After Removing Sloth And Mediocrity Now DRDO produces a glitch free ARJUN MK 1A tank


After Removing Sloth And Mediocrity Now DRDO produces a glitch free ARJUN MK 1A tank

The DRDO had the “ Chalta Hai “ attitude and the clue less or the crafty Ministry of Defence just wanted to foist on the Army whatever scrap the Avadi tank makers produced. The politicians could not care any less. However the Army resisted and just refused to take over the low quality, over weight tanks being thrust on it, in the name of indiginization. After all they were responsible not only for the defence of India but also their life would be at stake.

 The charioteers, the army men who were to ride Arjun, had solid doubts about the tank and they even put it in writing. The MoD roped in every PM since Narasimha Rao to ask the Army to accept the low quality ARJUN. As part of political gimmick, Rao rode it in 1996 and ‘dedicated’ it to the nation.

Feeling frustrated under combined pressure, the Army ordered 120 ARJUN MK1 tanks to equip two Armoured Regiments. Atal Bihari Vajpayee got it displayed in the R-Day parade. Manmohan Singh’s defence ministers Pranab Mukherjee and AK Antony tried to talk the generals into buying Arjuns in squadrons; Pranab even ‘handed over’ one to Gen. NC Vij in 2004. However the performance of ARJUN in the heat of Jaisalmer was just not good enough to place orders for more. Army knew from past experience that once orders were placed for more, then the “ Chalta Hai “ attitude would prevail at every level and Army will be saddled with a third rate tank to face the next “ Battle of Longewala “. So it just dug in its heal for a long war of slander.

On every one of those occasions where Prime Minister or the Raksha Mantri publicly rode the ARJUN ( as if this would make it fit for Combat ), the MoD and the DRDO publicly praised the tank, talked of the virtues of indigenisation, spelt out the need for self-reliance, and got themselves photographed with the tank. However the Army returned the machines every time to the workshops, citing inaccuracy of the gun, overheating in the desert, erratic fire control system, poor suspension, unreliable gunner’s sight and Scores of other minor but important glitches. After all one single glitch in the heat of battle would be enough to get the entire crew killed. Loss of One tank during the crucial phase of battle could invite even complete disastour.

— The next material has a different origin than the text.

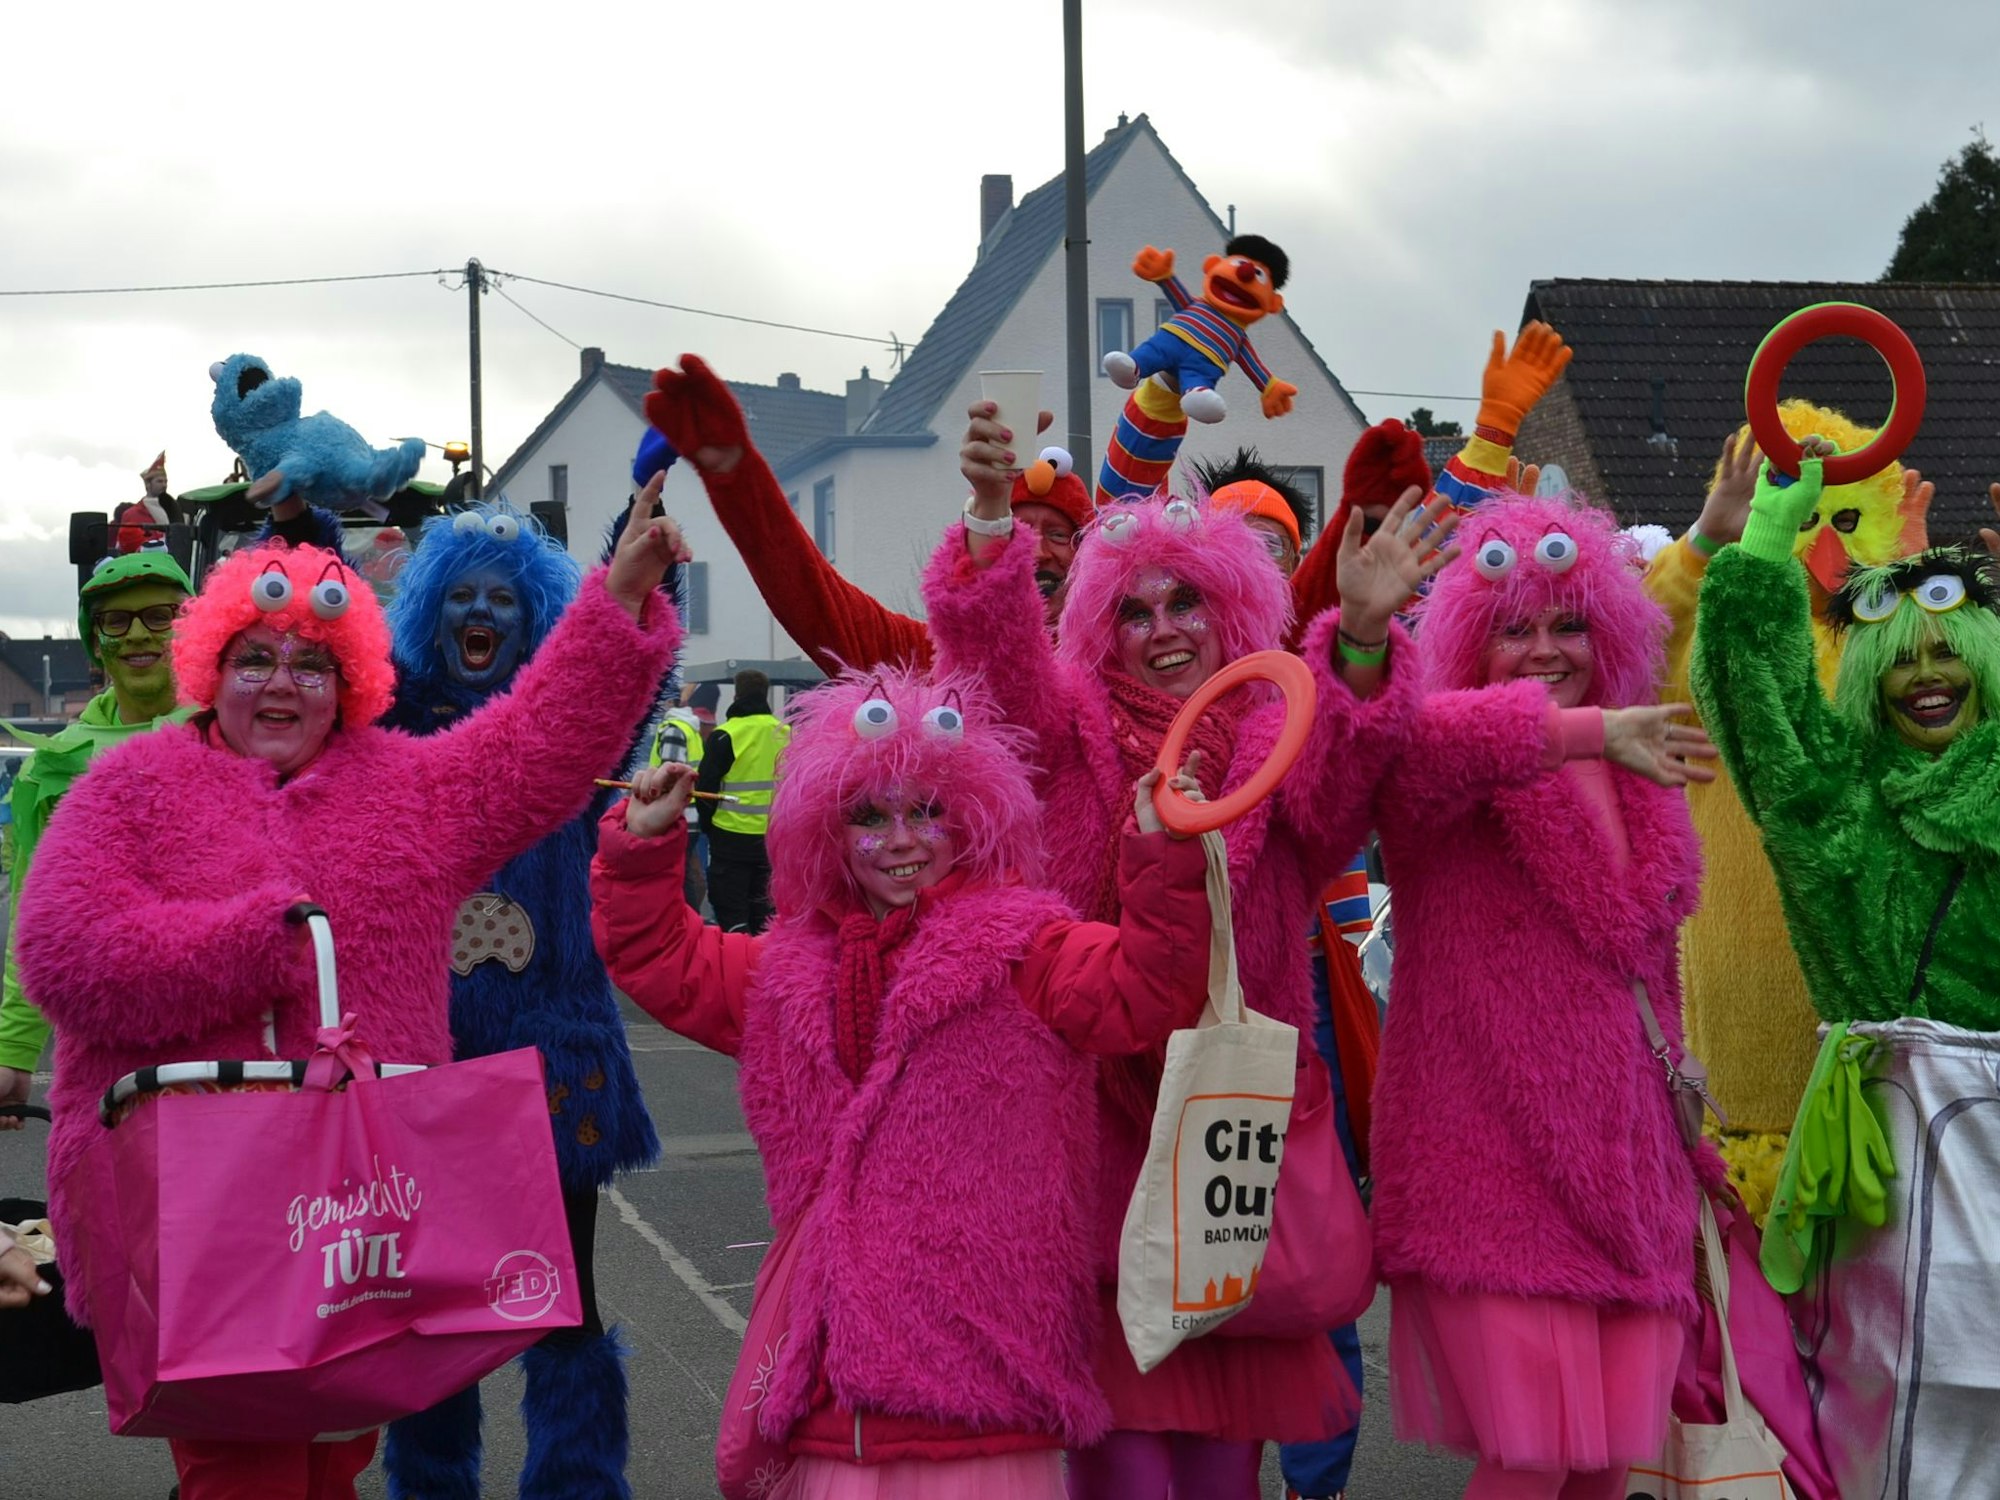 Plüsch-Kostüme in pink, blau, gelb und grün tragen die Karnevalisten, die die Sesamstraße als Motto haben.

So the MoD had no choice but to order the the scientists to go back to the drawing boards and rectify the flaws. Meanwhile their lethargy would result in import orders for hundreds for T-72s and T-90s.In spite of years spent in making Vijayants and T72s the Heavy Vehicle factory still wallowed in shoddiness.

Apart from the numerous major and minor imperfections,the tanks were also just too heavy for rail rakes and border bridges to take them. And, while the scientists were taking too long in the labs, newer technologies were coming into the market making Arjun obsolete.

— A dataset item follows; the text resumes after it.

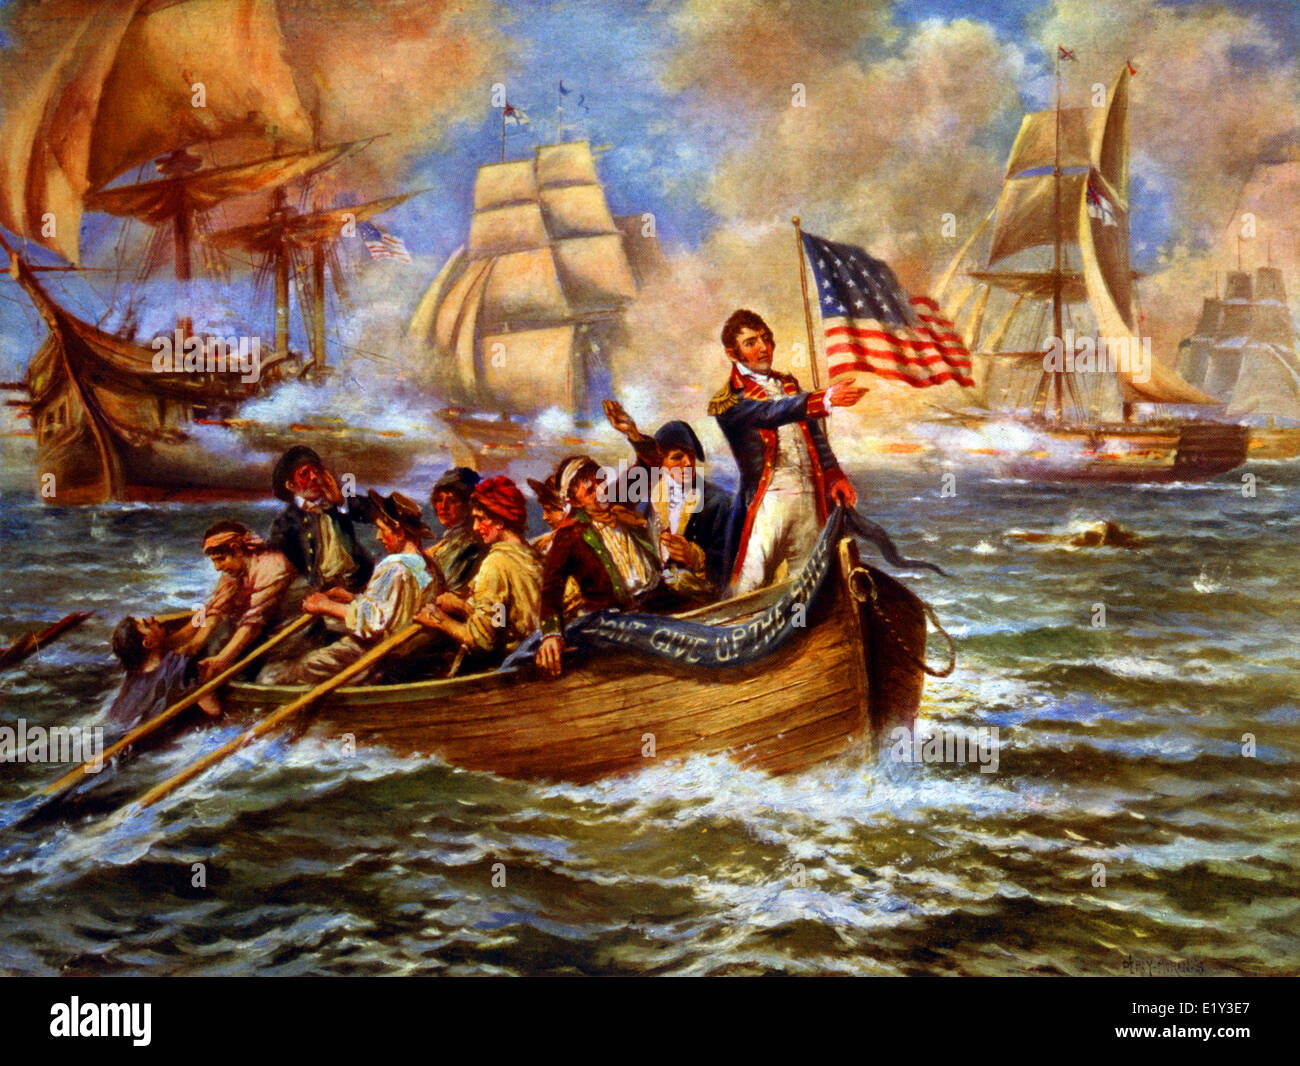 Estampado vintage que representa la batalla del lago Erie. Foto de stock

However since 2014 things started changing. The Atmanirbhar clarion call given by the PM began to be enforced. So when Prime Minister rode an Arjun at Longewala in November, he had ensured that the DRDO had done its work. Last Sunday, he handed over an Arjun MK-1A to Army chief Gen. MM Naravane, dedicating “to the country one more warrior to protect our frontiers.”

To the credit of the Scientists, the DRDO nerds who were building a complex battle tank in a country that had not built even its first motor car, had claimed it was the world’s best tank. If it was not, they could work further on it to make it the best. They have now kept their word. The ARJUN MK1A has all the glitches removed and so even with its heavier weight, it can do the job Very well in the Desert Sector. Army has already placed orders to equip two more Regiments. More should follow once the ARJUN MK2 version with latest systems and reduced weight enters the scene.

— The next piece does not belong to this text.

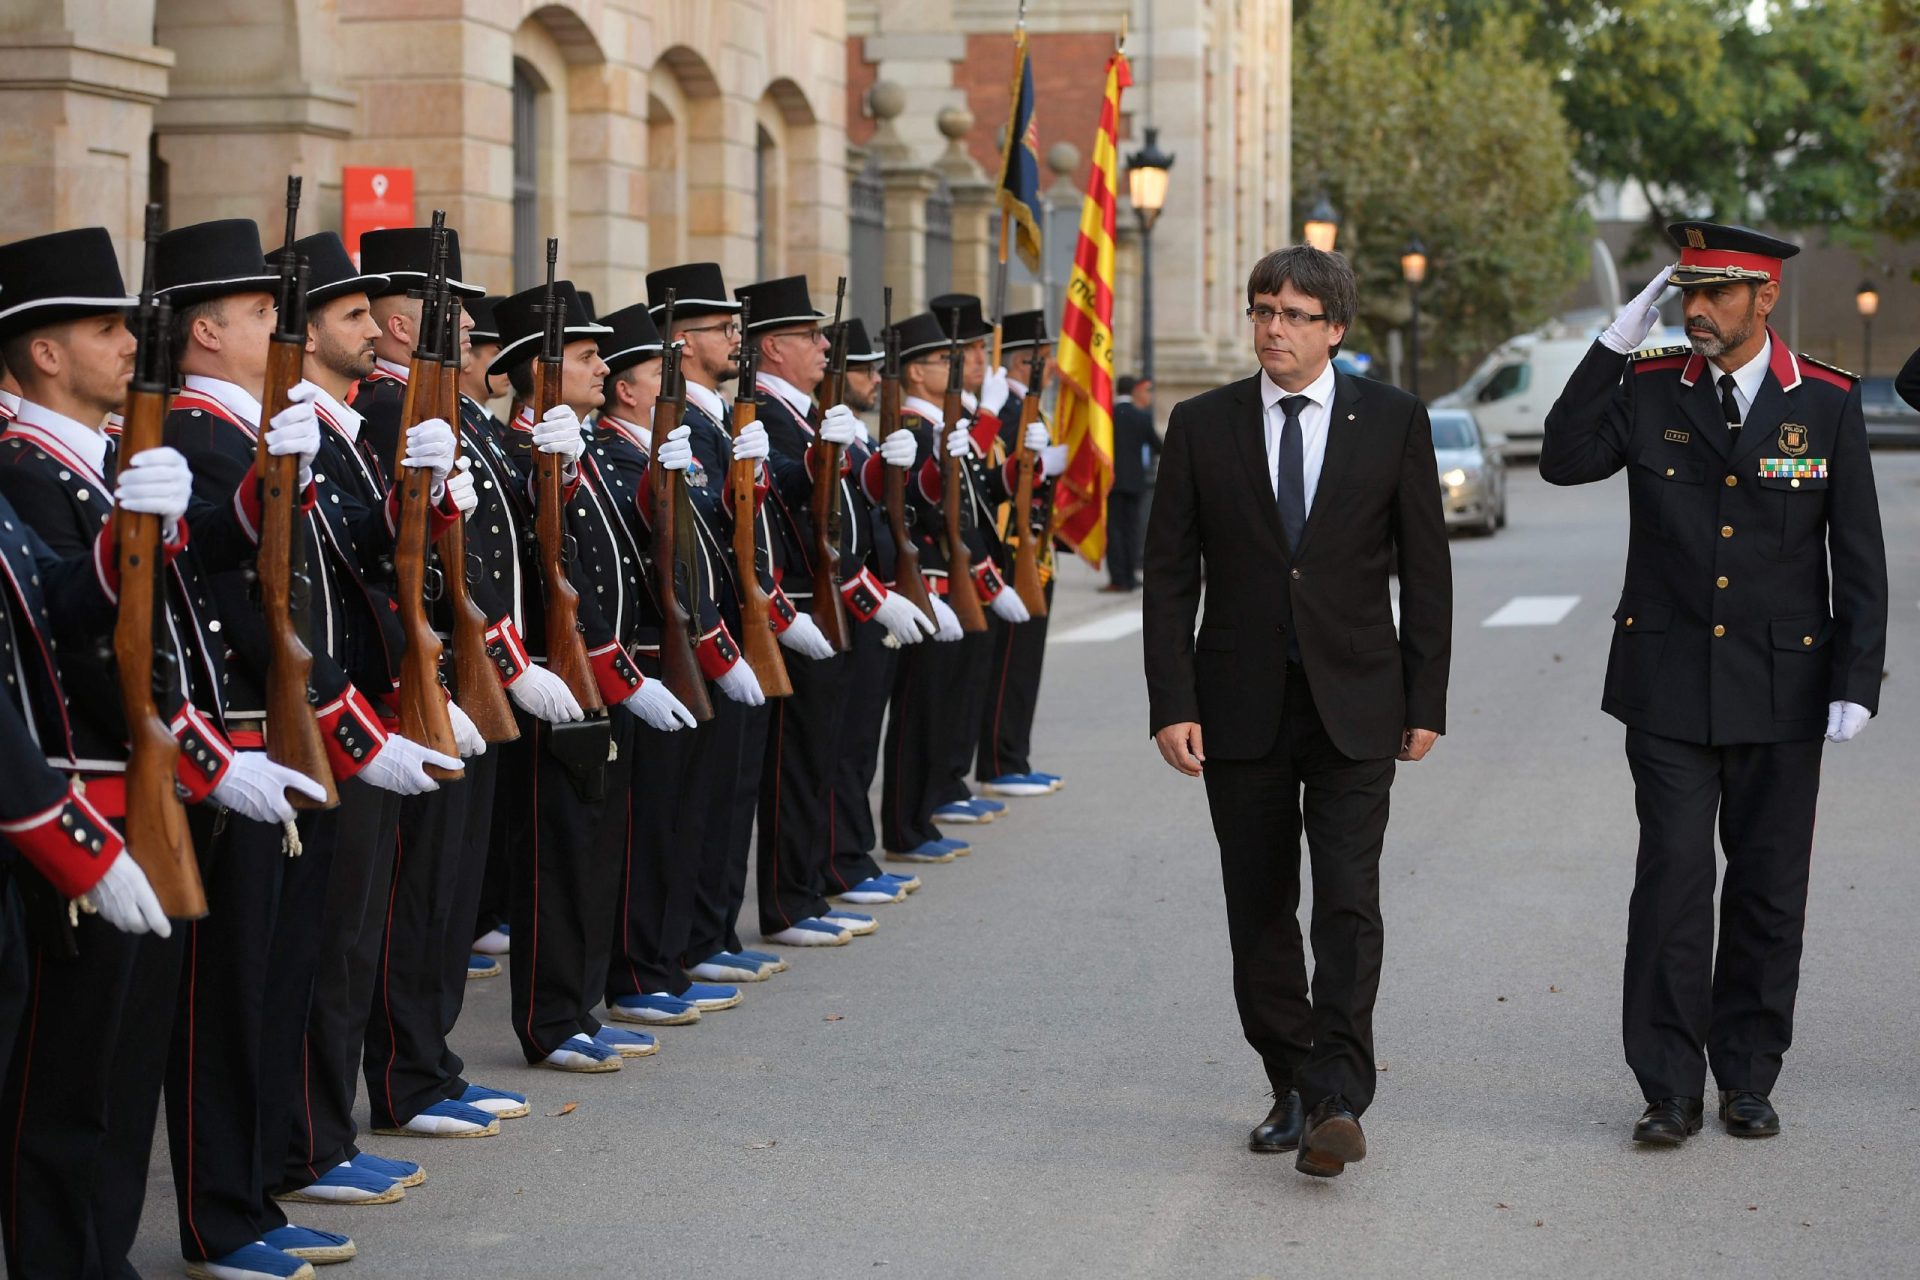 Madrid manda o exército para a Catalunha

Once the “ frustrated” Arjun’s creator, DRDO chief M Natarajan, had broken into tears in a MoD meeting where “ snooty” generals who were responsible for the life of their men under command, rubbished the tank. Another time the scientists, even alleged sabotage by vested import interests, threatened to insert black box-like bugs in the tank to monitor mischief during user trials.

Anyway, all has ended well and hopefully a smiling Natrajan prevails upon his team to produce an excellent ARJUN MK2.Our bravehearts, too, will have their finest hour—when they know that our own wise Scientists too care for their lives.